● **EXERCISE PROMPT**
The line containing "Blue Apple Watch on wrist" and each line after it, through the final line of the data, are to be retyped exactly, with pictures left out.

● **DATA PROVIDED**
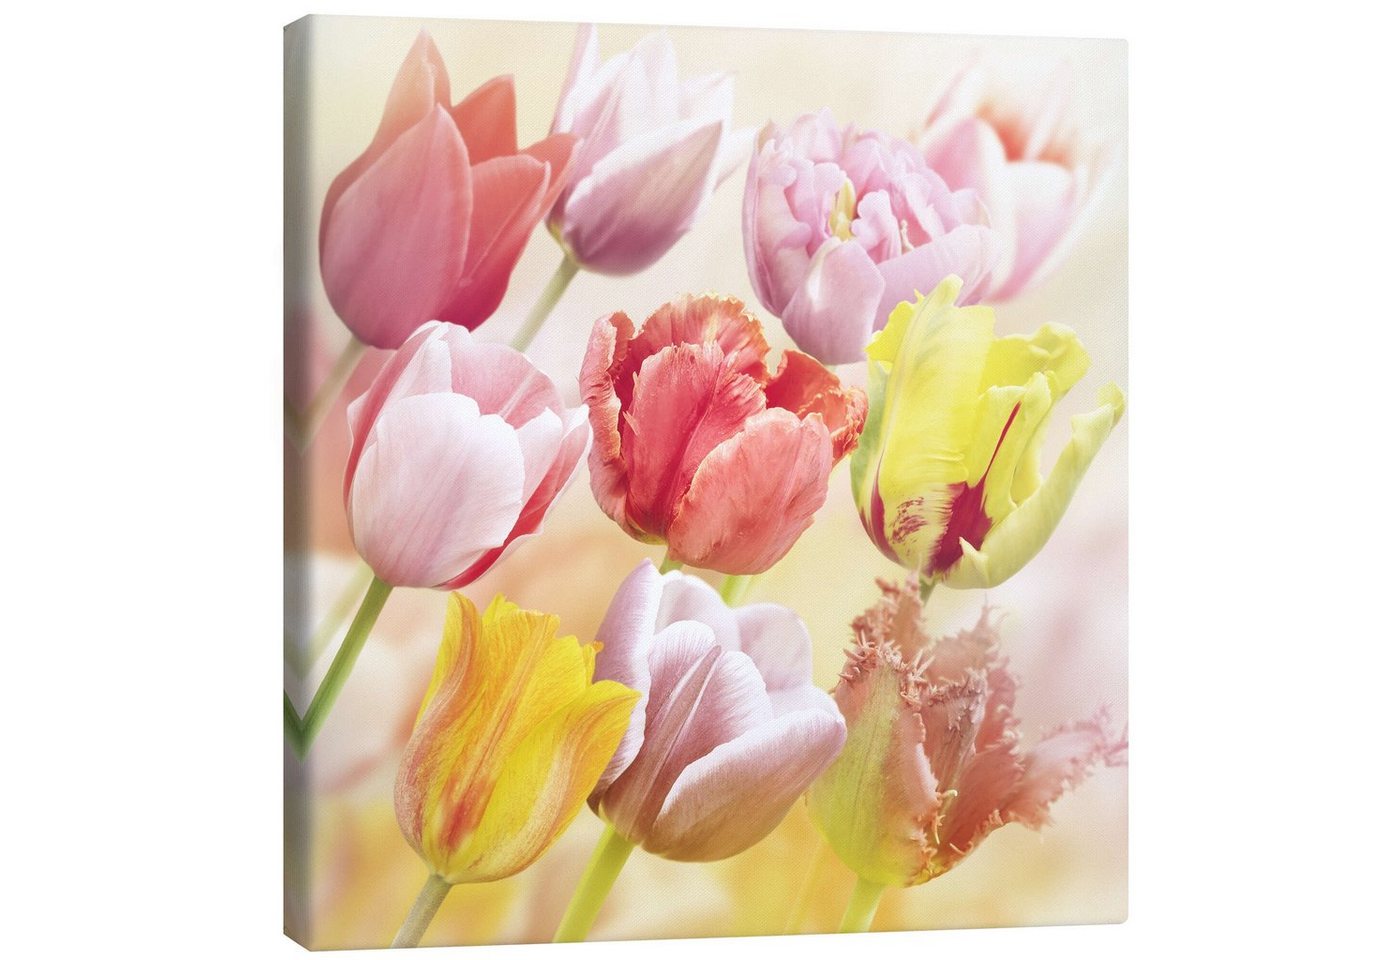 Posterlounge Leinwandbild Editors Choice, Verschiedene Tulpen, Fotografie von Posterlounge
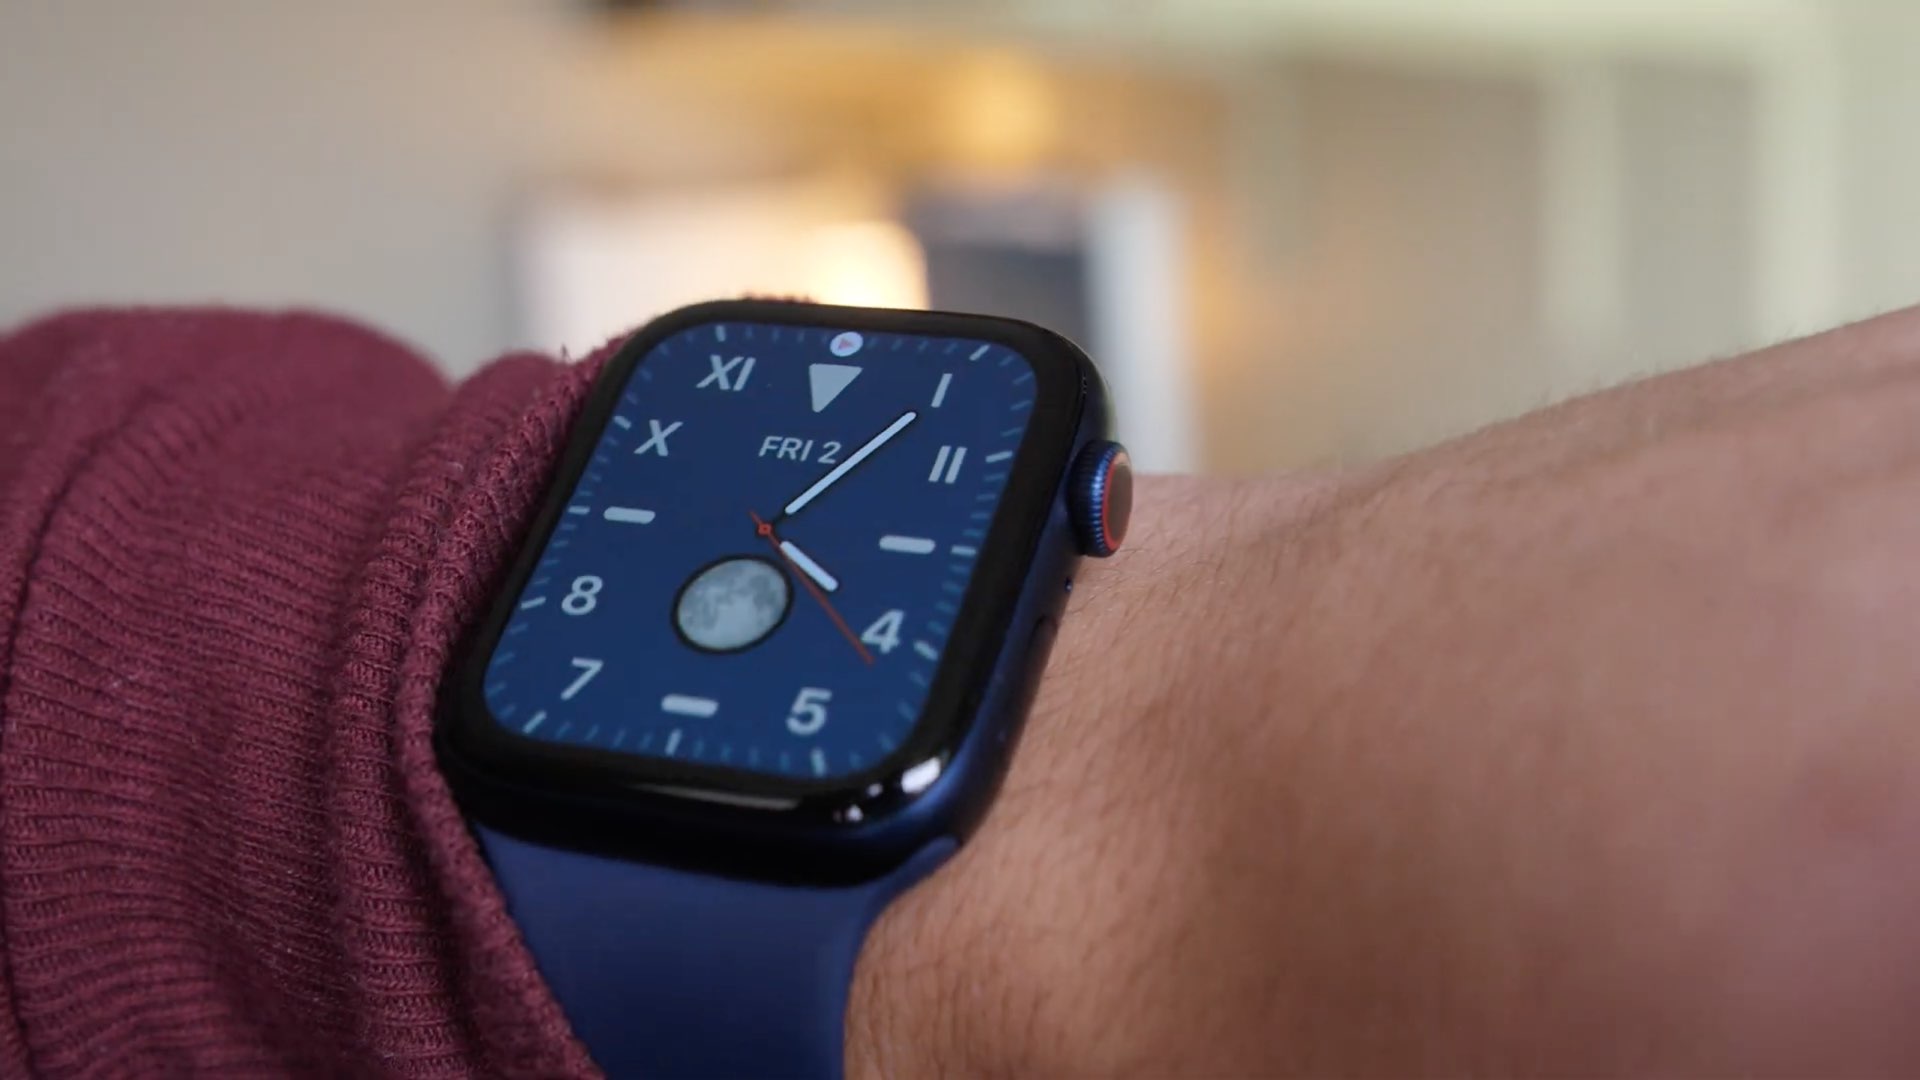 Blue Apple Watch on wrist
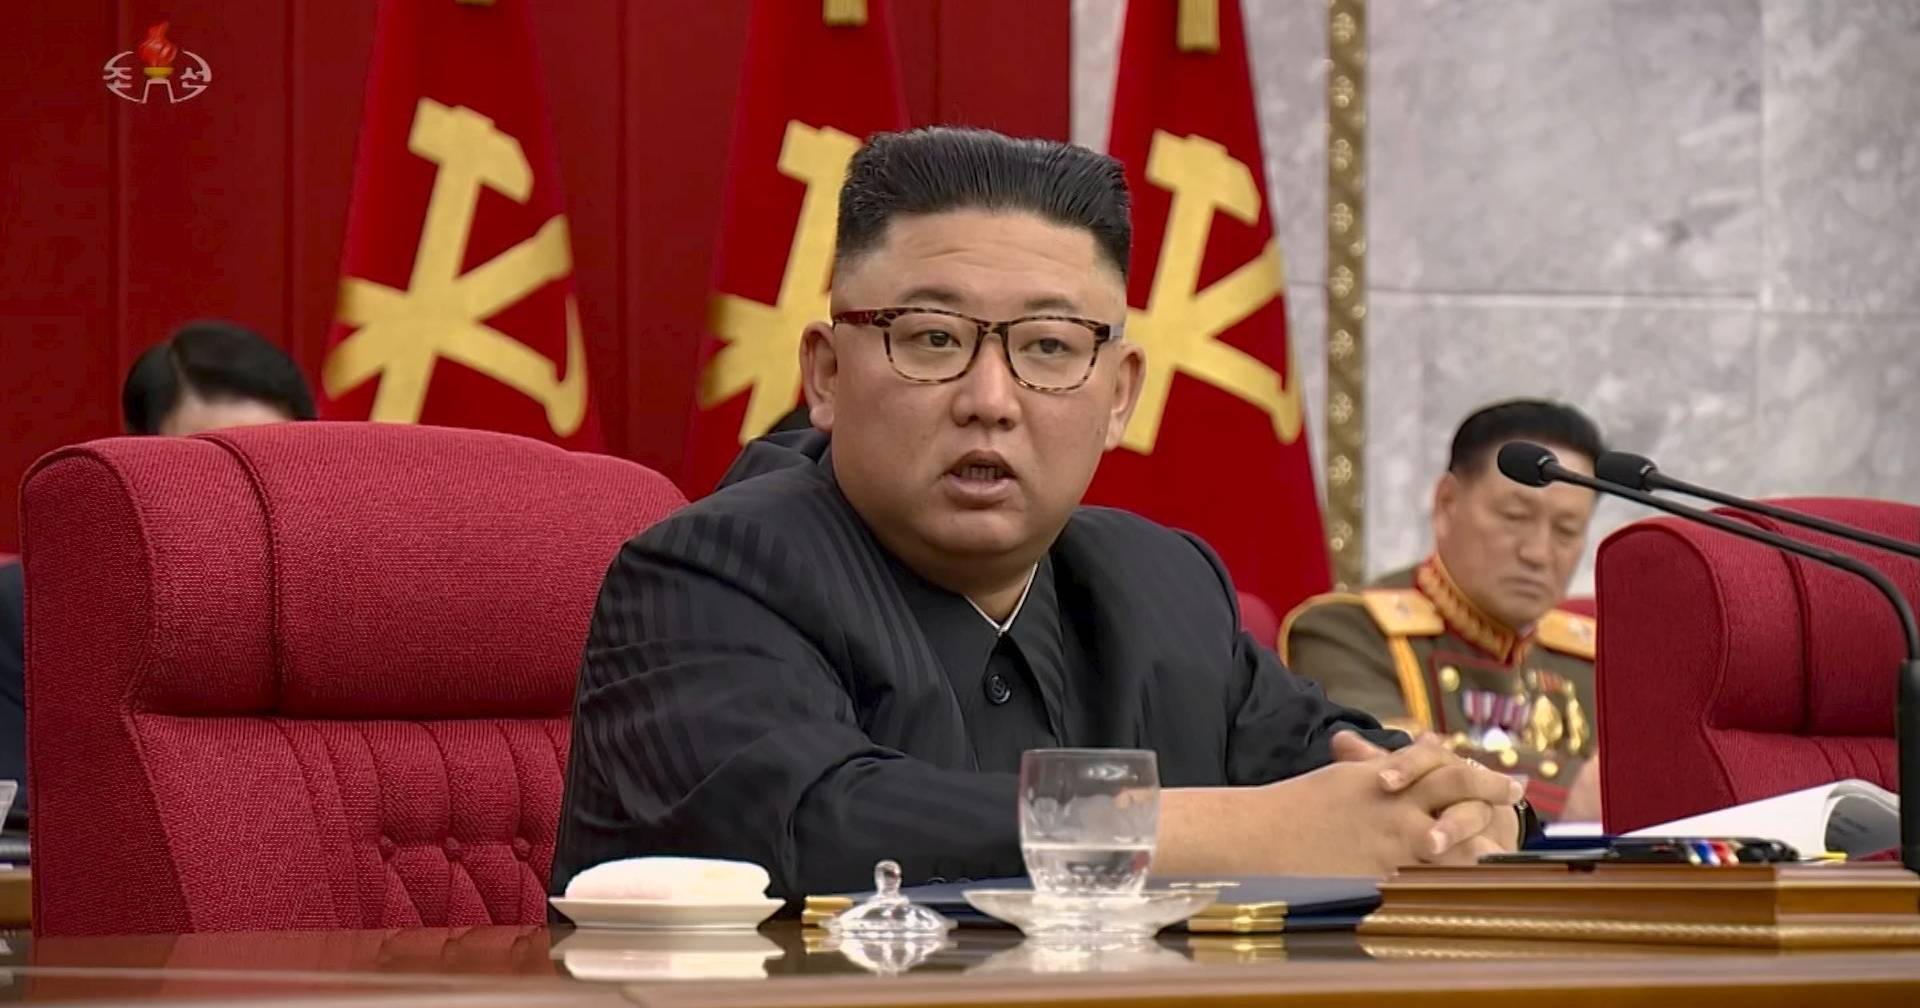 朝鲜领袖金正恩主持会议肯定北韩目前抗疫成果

● **RESPONSE TO THIS TASK**
 Blue Apple Watch on wrist
 朝鲜领袖金正恩主持会议肯定北韩目前抗疫成果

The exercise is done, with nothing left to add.